Ajami was known for butting heads with the Ottoman authorities, and after them the French and English occupation forces. As the stories go, she stood up to the infamous Ottoman military commander Djemal Pasha “al-Saffah” (the Butcher, as he was nicknamed by Syrians) to defend the rights of national activists—not least her fiance and literary agent Petro Pauli. Pauli was later arrested and executed on May 6, 1916. 

Much has already been said about Mary Ajami and her struggle against occupation authorities. But her struggle was not limited to fighting against these oppressive systems. Rather, she also advocated for the rights of different classes within society, particularly women and children. 

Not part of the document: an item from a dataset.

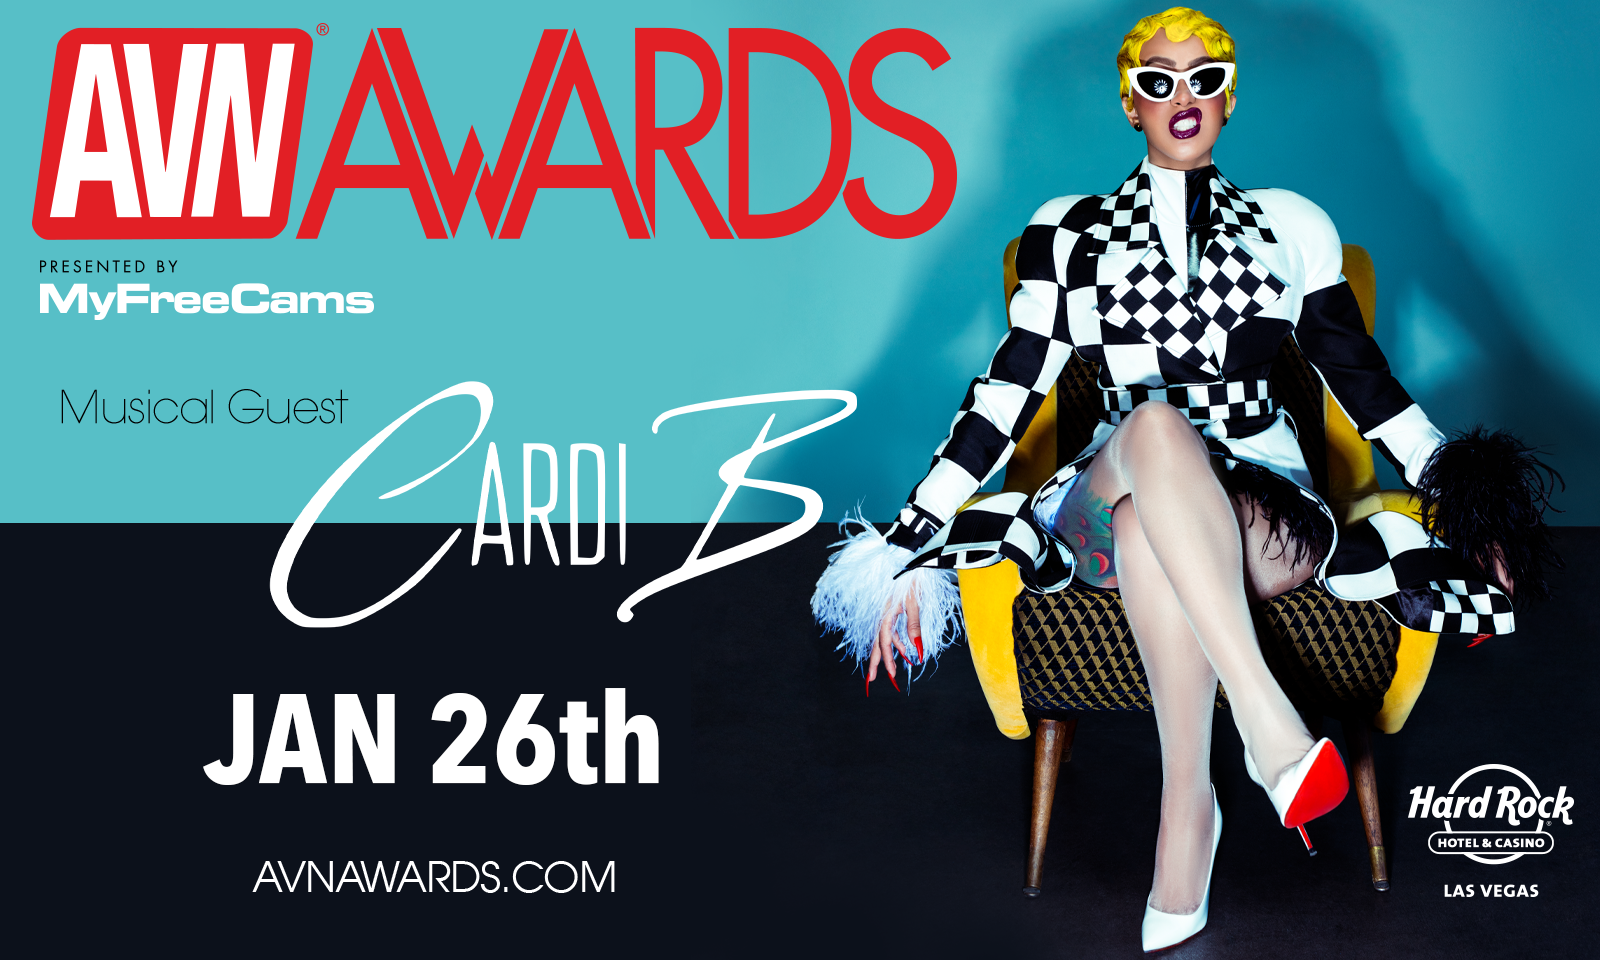 Cardi B Named 2019 AVN Awards Musical Guest
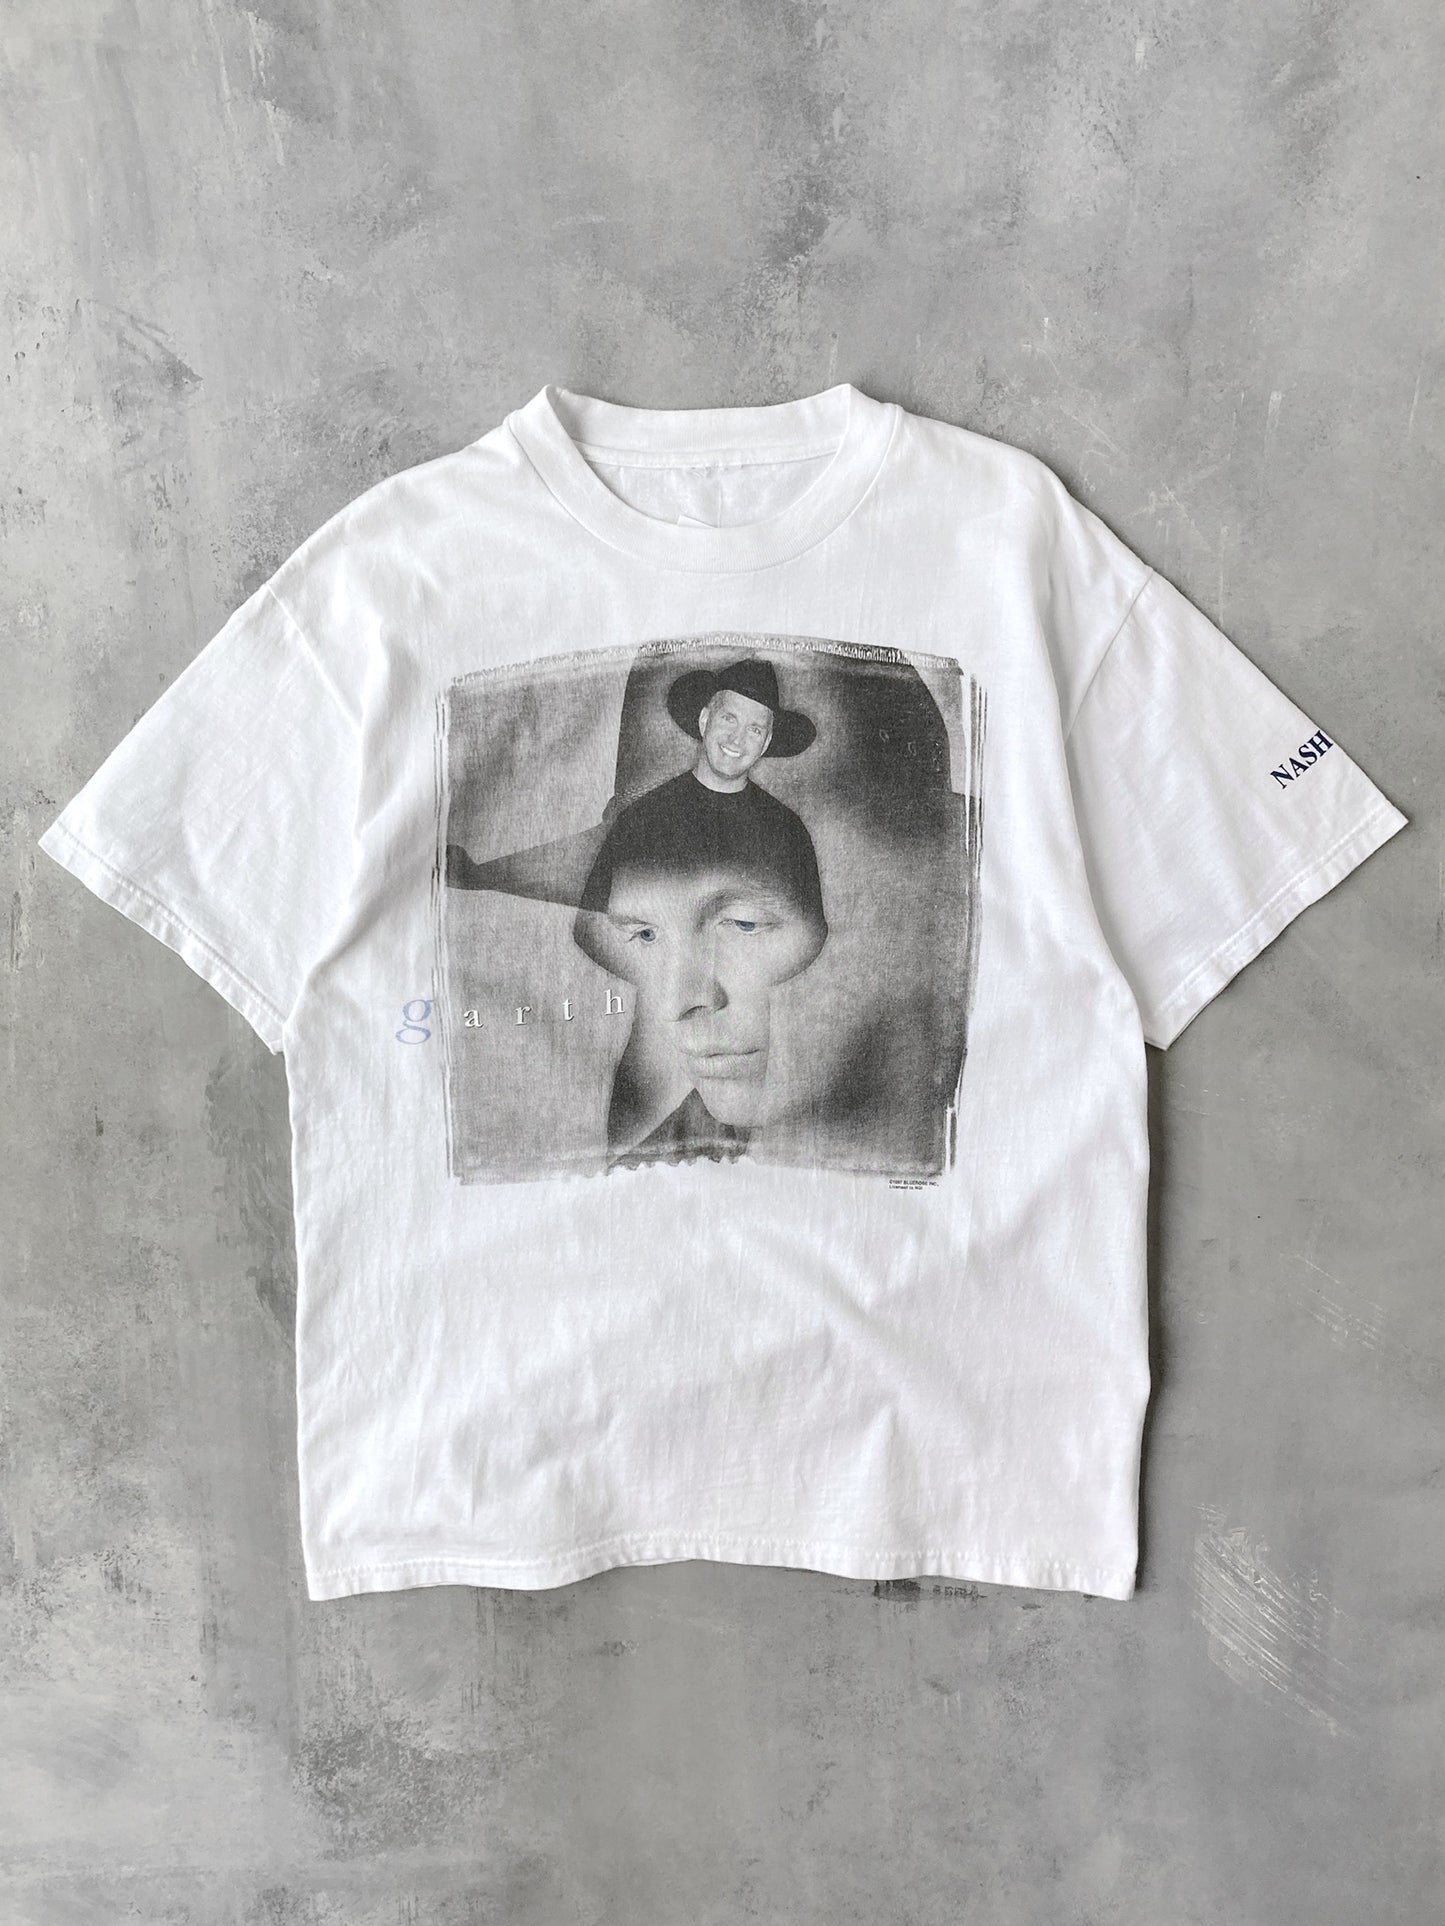 Garth Brooks T-Shirt '97 - XL

She also supported Syrian farmers and workers, and pushed towards supporting the local economy rather than relying on foreign imports. This “inward orientation” was not typical of the Syrian elite and bourgeoisie at the time, who looked toward Europe as a model of civilization.  

However, this leftist leaning did not attract the attention of historians and others who studied Mary Ajami’s life, despite her having made her beliefs clear in her poem “The Peasant’s Hope,” which won the first prize on BBC radio in London in 1947. She wrote: 

He is the peasant farmer. If not for his struggle,

the basil wouldn’t show its signs of beauty.

He is the heavily burdened bulwark

Upon whose face are the flames of torches.

A lonely death

In the last years of her life, Ajami was gripped by illness. She retreated from the public advocacy through which she had worked and struggled for decades to obtain equality for women and other mistreated members of society. 

She died on December 25, 1965, and was buried in the St. George Greek Orthodox Church in Damascus’ Bab al-Sharqi neighborhood. 

Ajami had spent her life in service of the freedom and dignity of Syrians of all walks of life, and yet she did not receive that love in return. Only 16 people attended her funeral and gathered as she was brought to her grave to finally be laid to rest.